I decided to compare the performance of the standard strict tail-recursive version of the Fibonacci program in Haskell to one written in C, using GMP to allow comparisons where the result is to big to fit in a word (in Haskell I use the multi-precision Integer type). I'm going to omit the Haskell program, because this is a question about C and GMP. The C implementation is this:
#include <stdio.h>
#include <stdlib.h>
#include <gmp.h>
void fib(unsigned int n){
mpz_t a, b, t;
mpz_init_set_ui(a, 0);
mpz_init_set_ui(b, 1);
mpz_init(t);
for(; n > 1; n --){
mpz_add(t, a, b);
mpz_set(a, b);
mpz_set(b, t);
}
//mpz_out_str(stdout, 10, b);
}
int main(int argc, char **argv){
unsigned long n, f;
if(argc != 2){
printf("Usage: fibc <number>\n");
return 1;
}
fib(atol(argv[1]));
return 0;
}
Notice that I commented out the line that outputs the value, which was taking about a second (I left this behavior in the Haskell version).
The results are:
time ./fibhs 1000000
./fibhs 1000000 5.77s user 0.05s system 99% cpu 5.831 total
time ./fibc 1000000
./fibc 1000000 11.19s user 0.00s system 100% cpu 11.194 total
I figure I must be using GMP wrong.
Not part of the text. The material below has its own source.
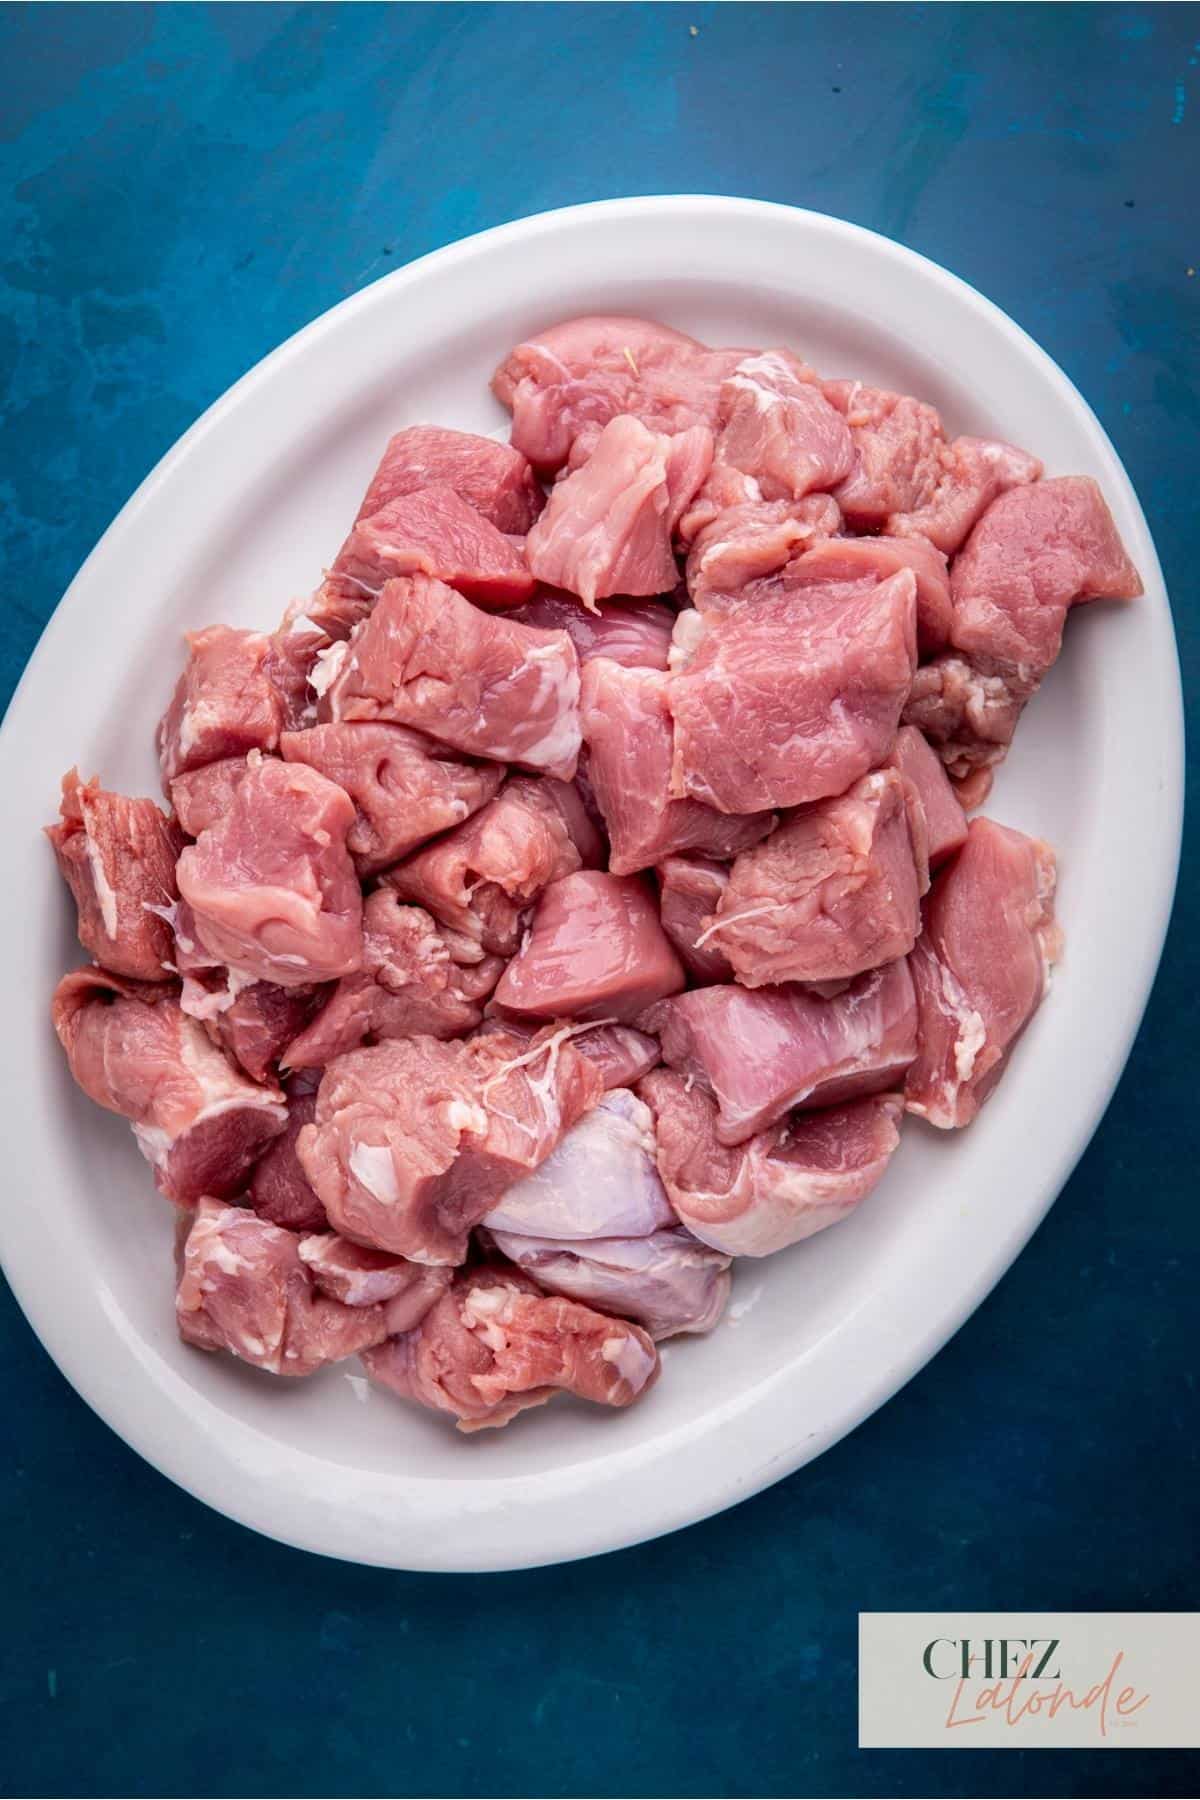 a plate of cut pork tenderloin.

Can anyone see any performance improvement possibilities in the C code?
Play ping-pong. You have two variables a and b and a temporary t. You add and put the result into t, then you copy b to a and t to b. Instead alternate between adding b to a and adding a to b. The final result is either in a or b, depending on whether n is odd or even.